In article <2592@dataio.Data-IO.COM> bright@Data-IO.COM (Walter Bright) writes:
>....[excerpted]...
> There is no substitute for an organized code review.

Agreed.  In my posting on the use of complexity metrics, I did not mean to
suggest that metrics be used to the exclusion of code reviews or walkthroughs.
We are using both design walkthroughs and code walkthroughs on the project I
am currently involved with, and I instituted a review process with a previous
employer.  In that previous environment, I found that the metrics were helpful
just for the nonsubjective input they provided in the review process, even
though the interpretation was subjective.  Some friends of mine in other
organizations have mentioned that metrics, when properly used, allowed team
leaders to continue to maintain a reasonable "situation assessment" even
when unreasonable time constraints prevented thorough reviews of all code.

Perhaps I was too subtle earlier, but I also wanted to make the point that
when using imperfect tools such as code metrics, it is vitally important
that the user differentiate between ACCURACY and PRECISION.  For those who
work in organizations where you are required to submit metrics or other
"statistics" (I use the term very loosely here) to nontechnical management,
it may be very helpful to express your numbers in the form "value (+|-) err".
If I have some measurement that I know is only accurate to within 50% of
its value, I will very likely reduce a number such as "6.12214" to the form
"6 (+|-) 3".  [Interpret "(+|-)" as the over/under plus-or-minus symbol :-)]

-- 
John T. Baldwin                      |  johnb@srchtec.uucp
Search Technology, Inc.              |  johnb%srchtec.uucp@mathcs.emory.edu
standard disclaimer:                 |  ...uunet!samsung!emory!stiatl!srchtec..
opinions and mistakes purely my own. |  ...mailrus!gatech!stiatl!srchtec...

ssdken@watson.Claremont.EDU (Ken Nelson) (07/28/90)

In article <2592@dataio.Data-IO.COM> bright@Data-IO.COM (Walter Bright) writes:
>....[excerpted]...
> There is no substitute for an organized code review.

   Right.  Metrics don't replace reviews, they augment them. 
   Where they really help is when time and resources are limiting
   what you can review.  If you use high complexity or some other
   metric to help you decide what to review, and how in-depth to review,
   you can prevent or detect a lot more bugs.

   I am interested in how you (or anybody who cares to
   comment) organize code reviews.  Do you have a checklist,
   is there a packet of information that is prepared before
   the review?  How is it prepared or collected?  What people
   are invited.  Too often I have worked on projects where the 
   "organization" for the review meant merely rounding up the
   people.

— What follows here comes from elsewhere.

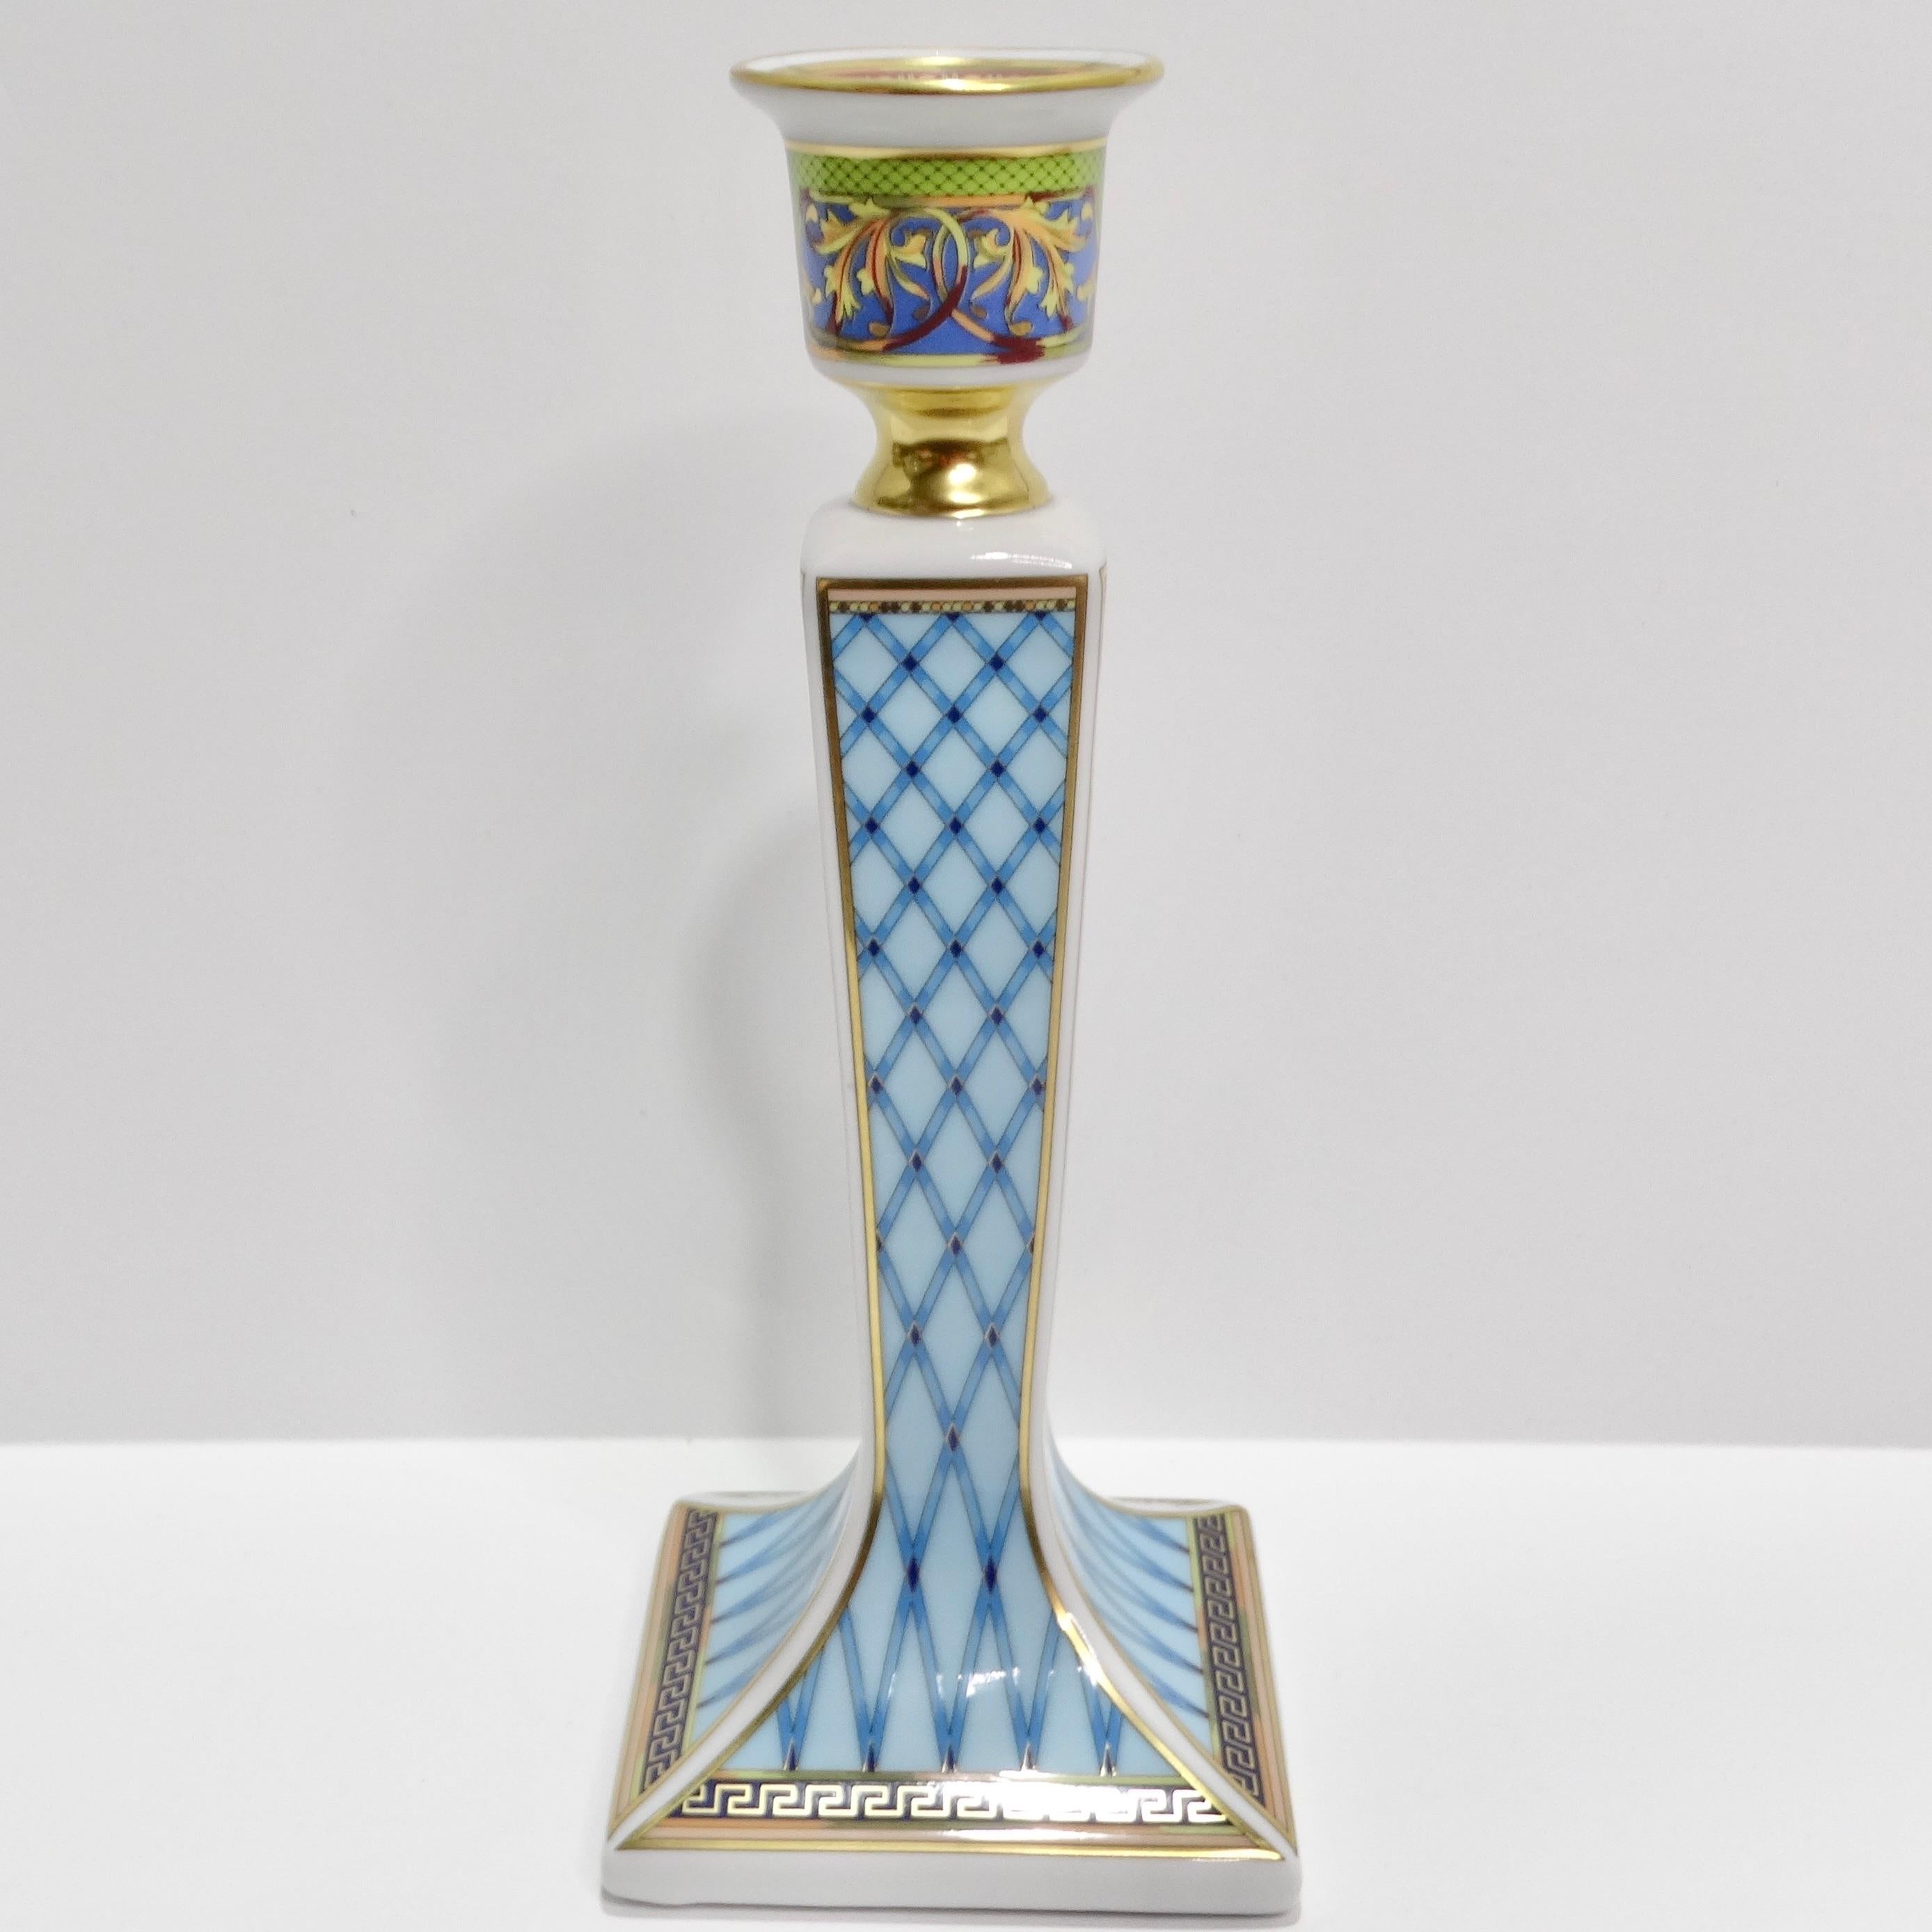 Der Rosenthal 1990er Russian Dream Porzellan-Kerzenhalter von Versace ist eine luxuriöse und künstlerische Ergänzung, die Opulenz in Ihr Zuhause bringt. Der aus feinem Porzellan gefertigte Kerzenständer ist mit einem komplizierten, mehrfarbigen

Once organized,
   if not controlled they would degenerate into religous 
   debates between factions of different programming styles.

   Are there any articles or books you could recommend that
   detail a "good" review process?

   I have seen these items used in past reviews:

     1. A static analyzer's output including full cross reference.
     2. A list of know bugs, and or needed improvements.
     3. A list of To Be Determined items about the code.
     4. A pretty printed output.
     5. LINT output, if written in C.
     6. The set of requirements for the program or program
 	section.
     7. Coding standards for the project.

   Any additions, subtractions, comments??

				Ken Nelson
				Principal Engineer
				Software Systems Design
				3627 Padua Av.
				Claremont, CA 91711
				(714) 624-3402

henry@zoo.toronto.edu (Henry Spencer) (07/29/90)

In article <1990Jul26.165322.2729@zoo.toronto.edu> I wrote:
>... Code metrics, like line counts and structure charts and a zillion
>other programming fads, are an attempt to substitute rules and procedures
>for adequate resources and competence...  TANSTAAFL.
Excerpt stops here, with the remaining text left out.